Предгрозье, гл. 38. 39. 40

     38. Через две  седьмицы после прихода инока Серафима ударили  морозы, встала река. По льду в луга через Оку направились жители Рязани за сеном, что стояло там в смётанных летом стогах. Санным путём всегда легче было его привезти в свои хозяйства. А вскоре и сам чернец снова появился в городе в зипуне и в плетёных из вербы снегоступах, обутых поверх лаптей, и с небольшими санями. Привёз в обмен на соль Демидихе шкурки белок, лисиц, бобров, да святые образа, писанные монастырским послушником Алепой. Большой мешок соли, сшитый из рядна, должен обратно повезти в монастырь  для братии.
     Узнал Серафим, что князь, горюя сердцем о погибшем сыне, собирает полки для битвы с безбожным ханом. Ослеплённый бедой, постигшей семью и княжество, Юрий решил встретить врага в поле, не ждать осады города.
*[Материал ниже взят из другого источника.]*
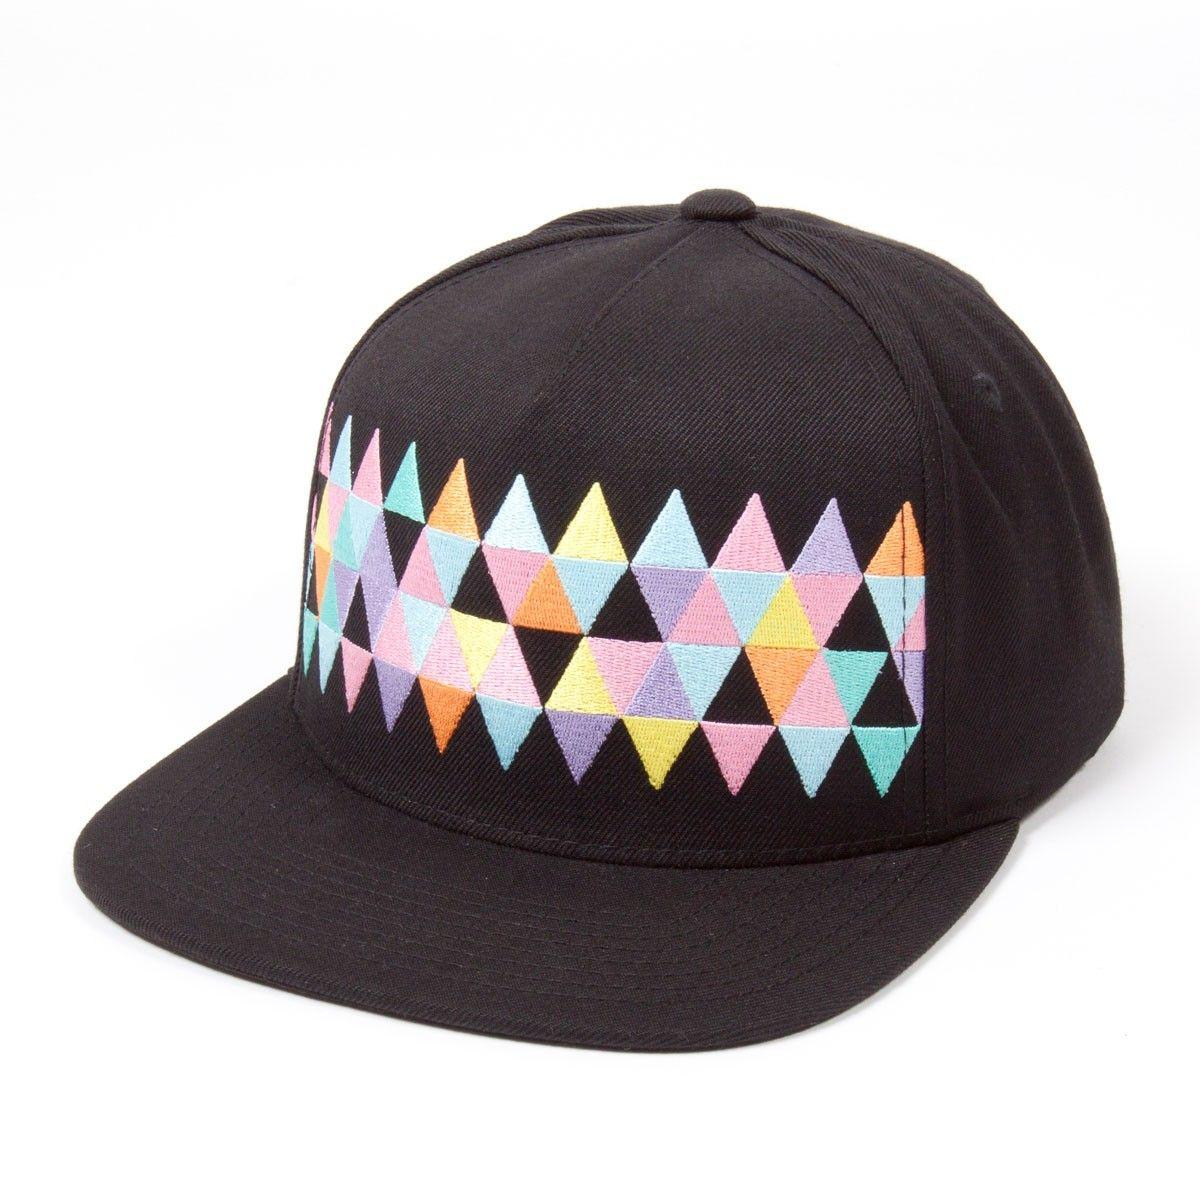 Woven Rainbow Pinch Panel Snapback Cap Black  1899619c882
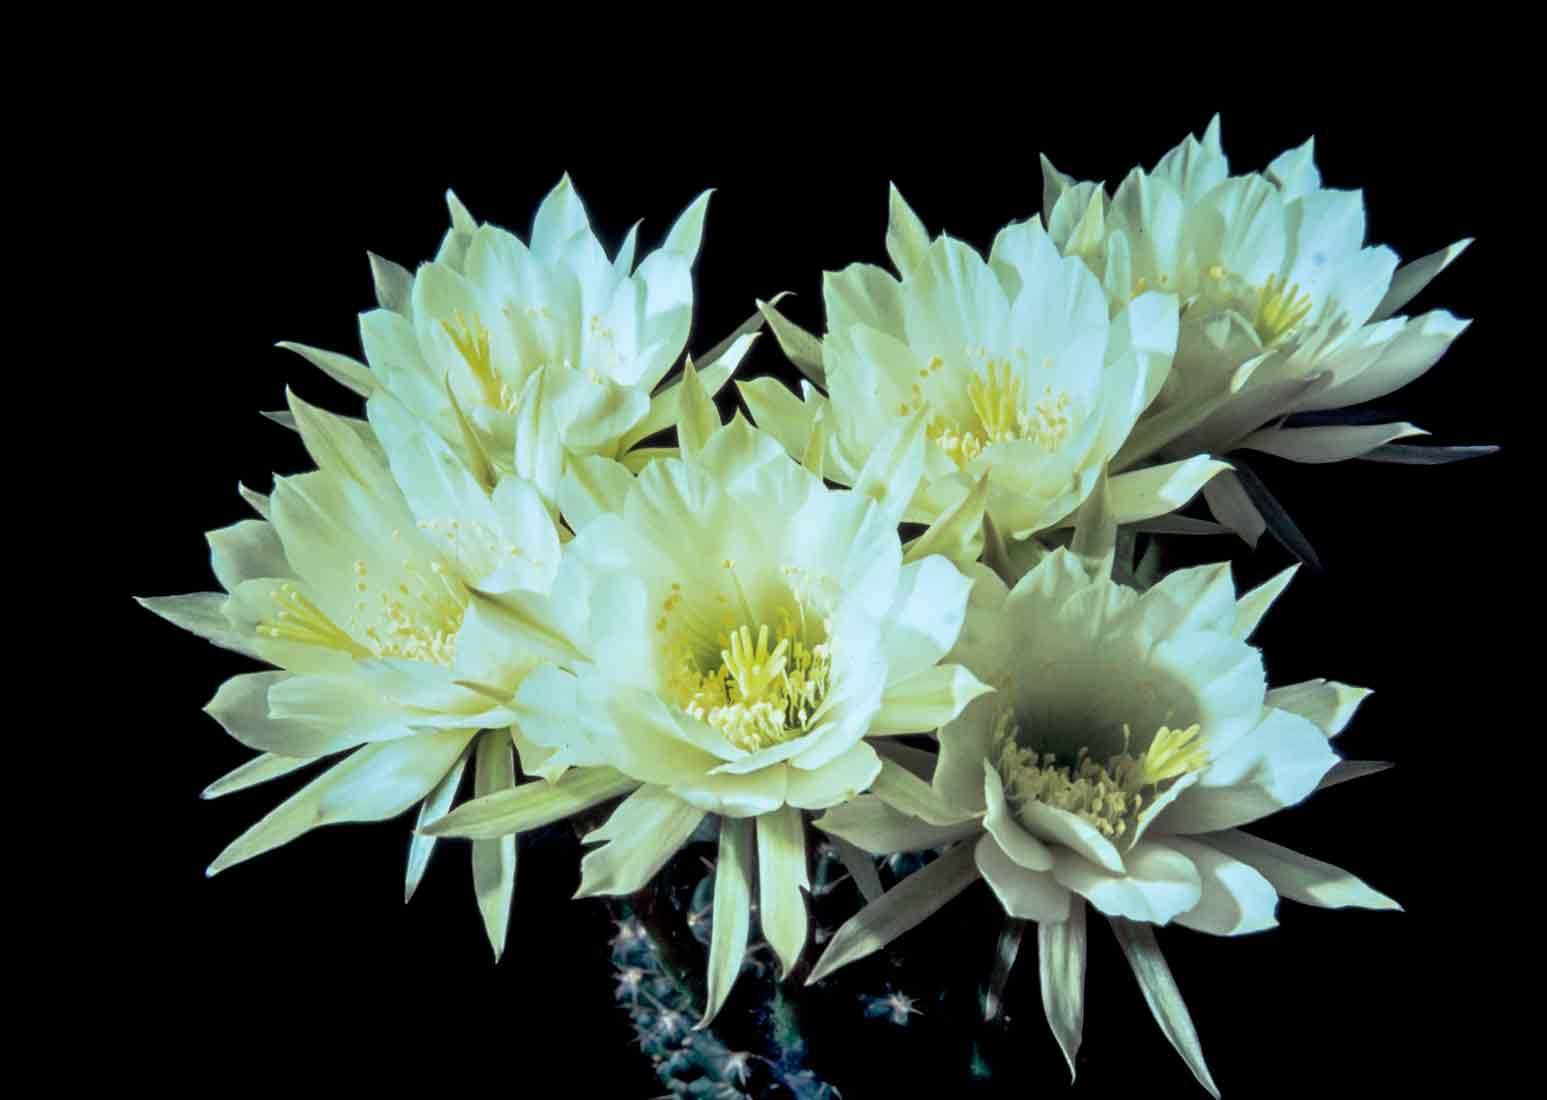 Pseudolobivia-polyacantha-1980

И не было рядом с ним ни брата Ингваря Ингваревича, ни верного и рассудительного Коловрата, ни родного сына, чтобы лучше разобраться в сложившейся обстановке, всё взвесить и просчитать. Сам принял скорое решение, сам повёл дружины Рязанцев, Пронцев, Муромцев на противника, не дождавшись подкрепления из Чернигова и Суздаля, за которыми послал Коловрата. Да подмога из Коломны замешкалась. Яростно дрались русские войска, но силы были не равны. Почти все князья погибли, только Юрий Рязанский с остатками конницы доскакал до города, да сильно израненный Олег Красный был взят на многие годы в плен. Князь и оставшаяся дружина стали организовывать  оборону.  С ними был и воевода Вышата. Надежды, что Батый не пойдёт на Рязань, не осталось.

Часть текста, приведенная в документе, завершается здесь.